Is standardised vaginal sacrospinous ligament fixation a safe teaching procedure for residents?

作者信息

Sauerwald Axel, Bruns Inke, Peveling Barbara, Brunke Hendrik, Wolff Friedrich

机构信息

Frauenklinik Holweide, Kliniken der Stadt Köln gGbmH, Neufelder Str 32, 51067 Cologne, Germany.

出版信息

Int Urogynecol J. 2011 Mar;22(3):293-8. doi: 10.1007/s00192-010-1341-8. Epub 2010 Dec 10.

DOI:10.1007/s00192-010-1341-8
PMID:21153470
Abstract

INTRODUCTION AND HYPOTHESIS

Several modifications of sacrospinous ligament fixation (SLF) are described.

METHODS

This study presents a standardised SLF technique.

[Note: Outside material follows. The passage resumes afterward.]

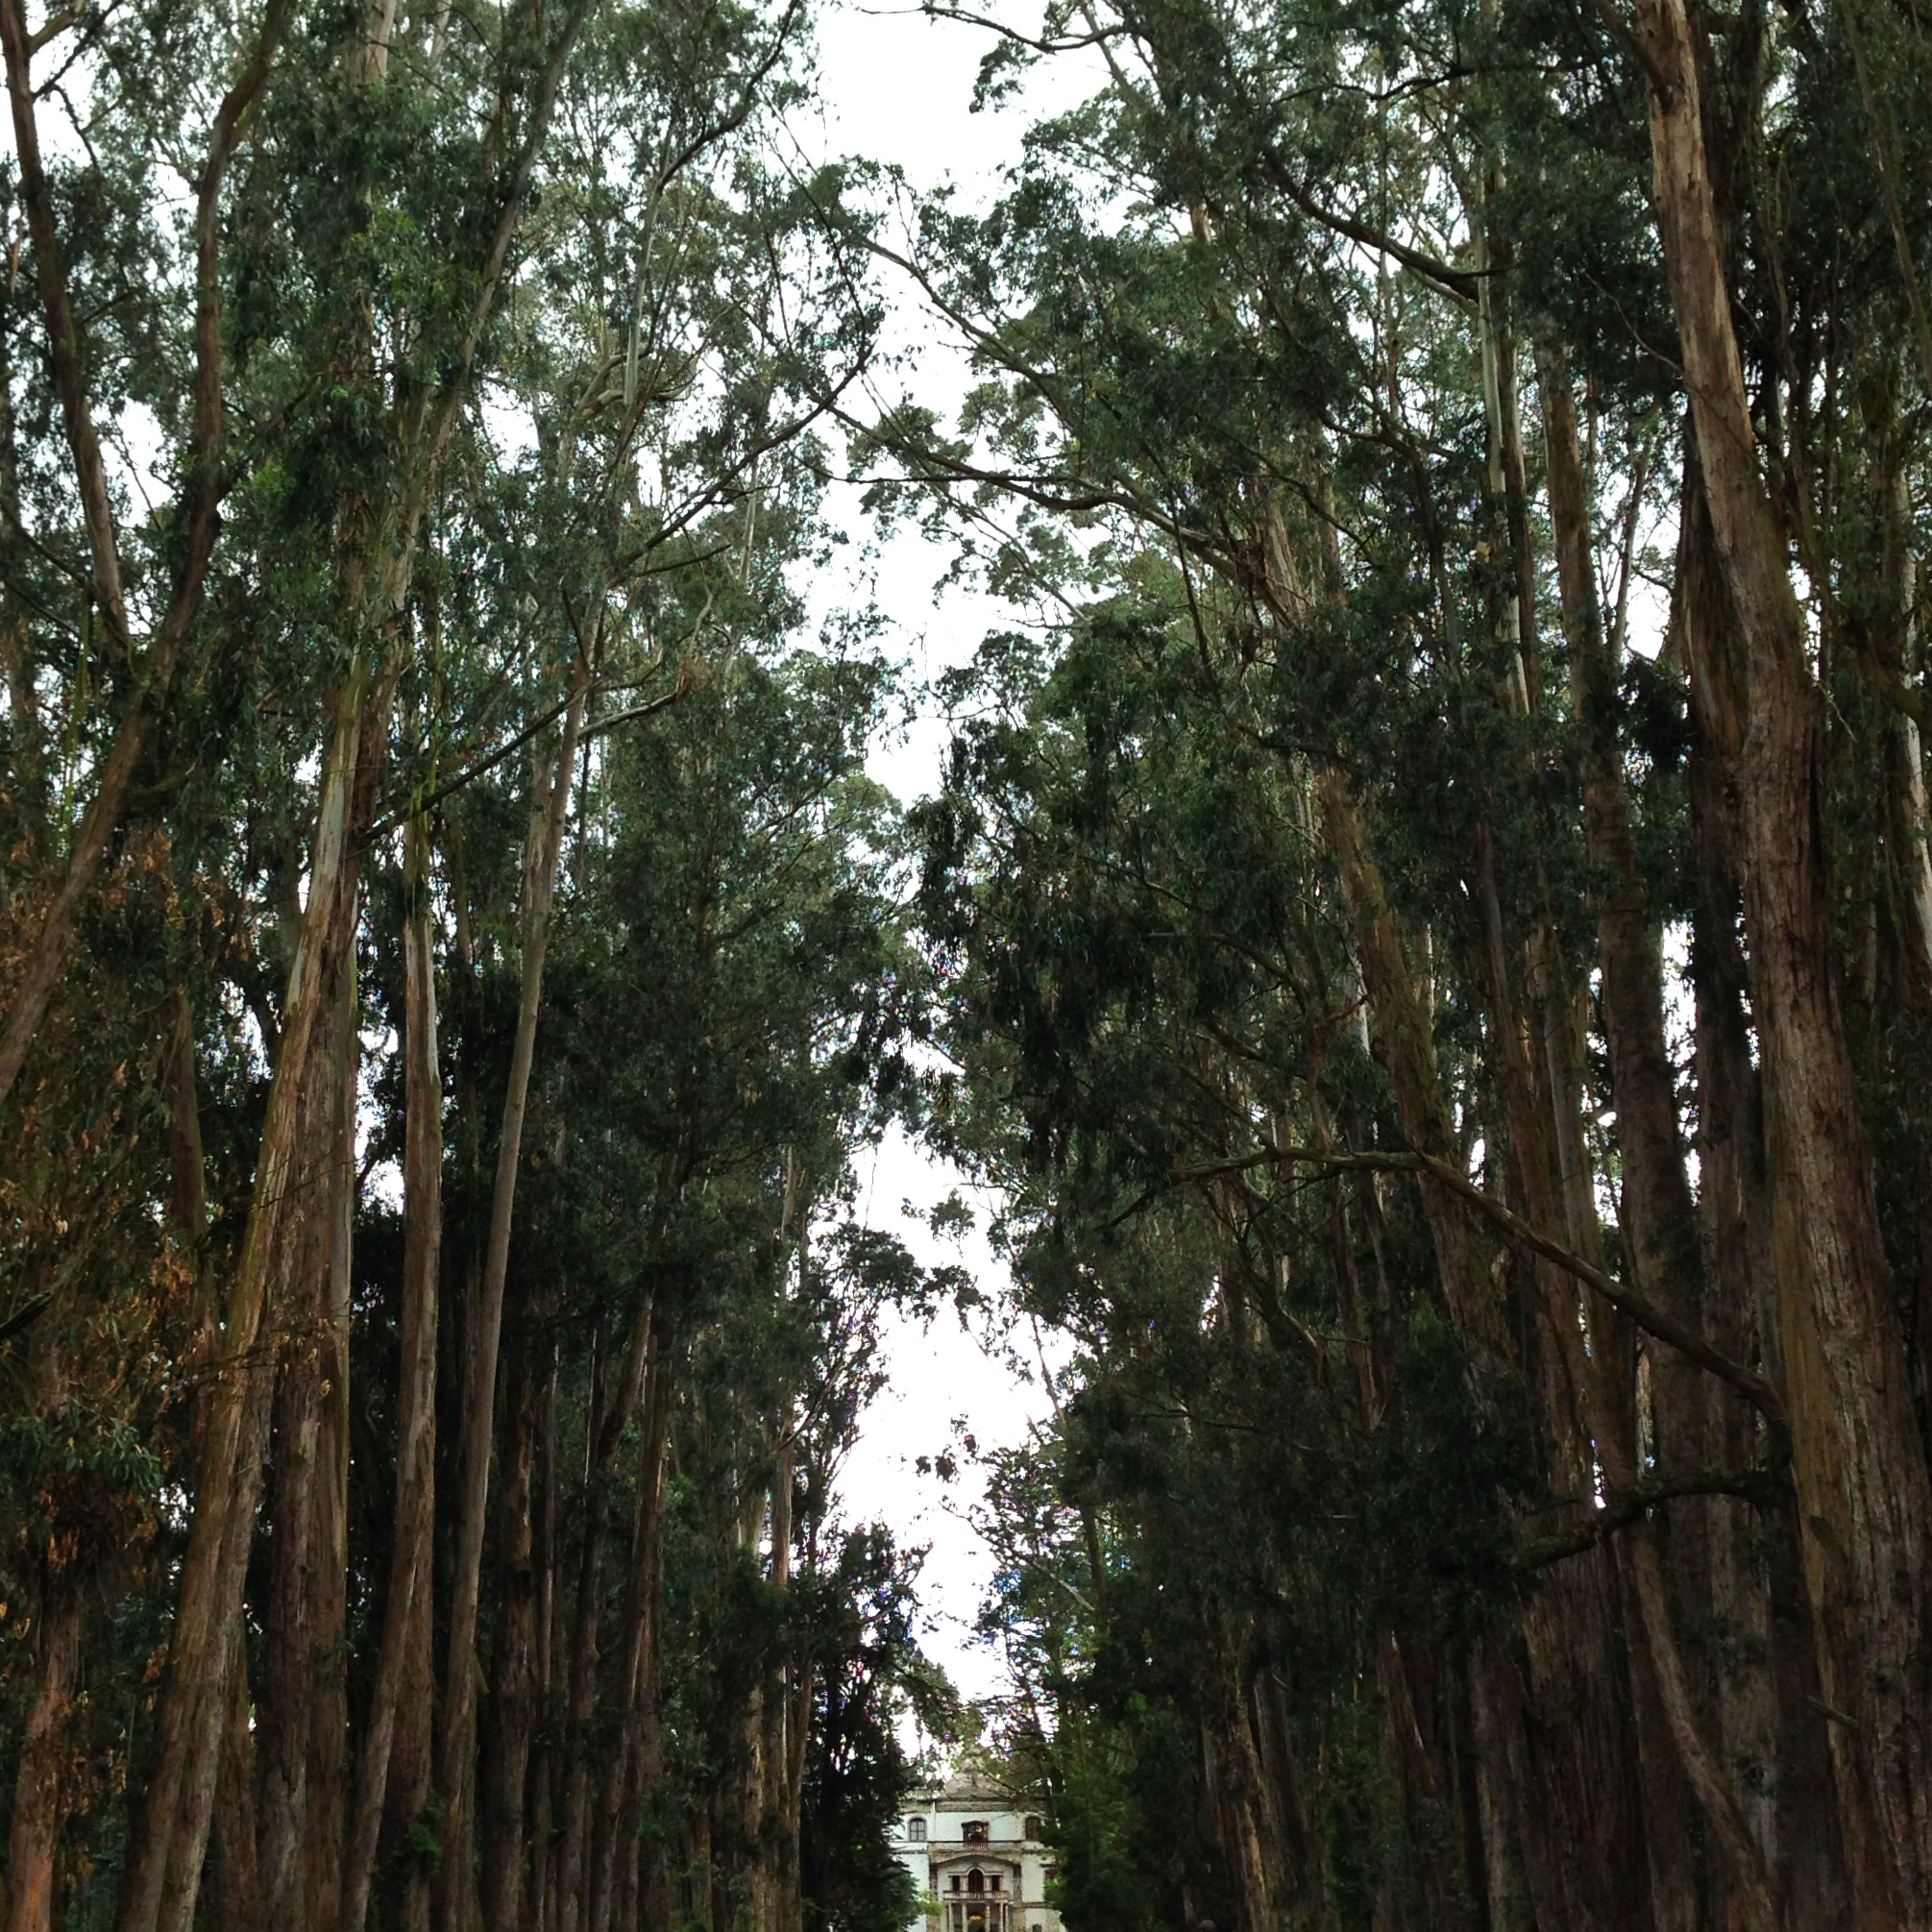 Gorgeous eucalyptus trees lining the entrance

Perioperative course and outcome are compared retrospectively after surgery is performed by experienced surgeons or by residents.

RESULTS

Two hundred three SLF were analysed. Eight residents (LO) operated on 41 patients (5.1 ± 2.2). Six experienced surgeons (SO) operated on 162 patients (27.0 ± 25.7). Mean operating time was 67 ± 33 min. (LO 99 ± 45 min vs. SO 59 ± 22 min, p < 0.05). The overall morbidity rate was 7.8%. There was no significant difference regarding complications and outcomes between SO and LO.

CONCLUSIONS

Operation time was longer but outcomes were identical, and morbidity rate was not increased in the group of resident surgeons. In comparison to literature, complication rate was low. SLF should be part of residency programmes.

摘要

引言与假设

已描述了几种骶棘韧带固定术(SLF)的改良方法。

方法

本研究介绍了一种标准化的SLF技术。由经验丰富的外科医生或住院医师进行手术后,对围手术期过程和结果进行回顾性比较。

结果

分析了203例SLF手术。8名住院医师(LO)为41例患者实施了手术(5.1±2.2)。6名经验丰富的外科医生(SO)为162例患者实施了手术(27.0±25.7)。平均手术时间为67±33分钟。(住院医师组99±45分钟,经验丰富的外科医生组59±22分钟,p<0.05)。总体发病率为7.8%。经验丰富的外科医生组和住院医师组在并发症和结果方面无显著差异。

结论

住院医师组的手术时间较长,但结果相同,且发病率未增加。与文献相比,并发症发生率较低。SLF应成为住院医师培训项目的一部分。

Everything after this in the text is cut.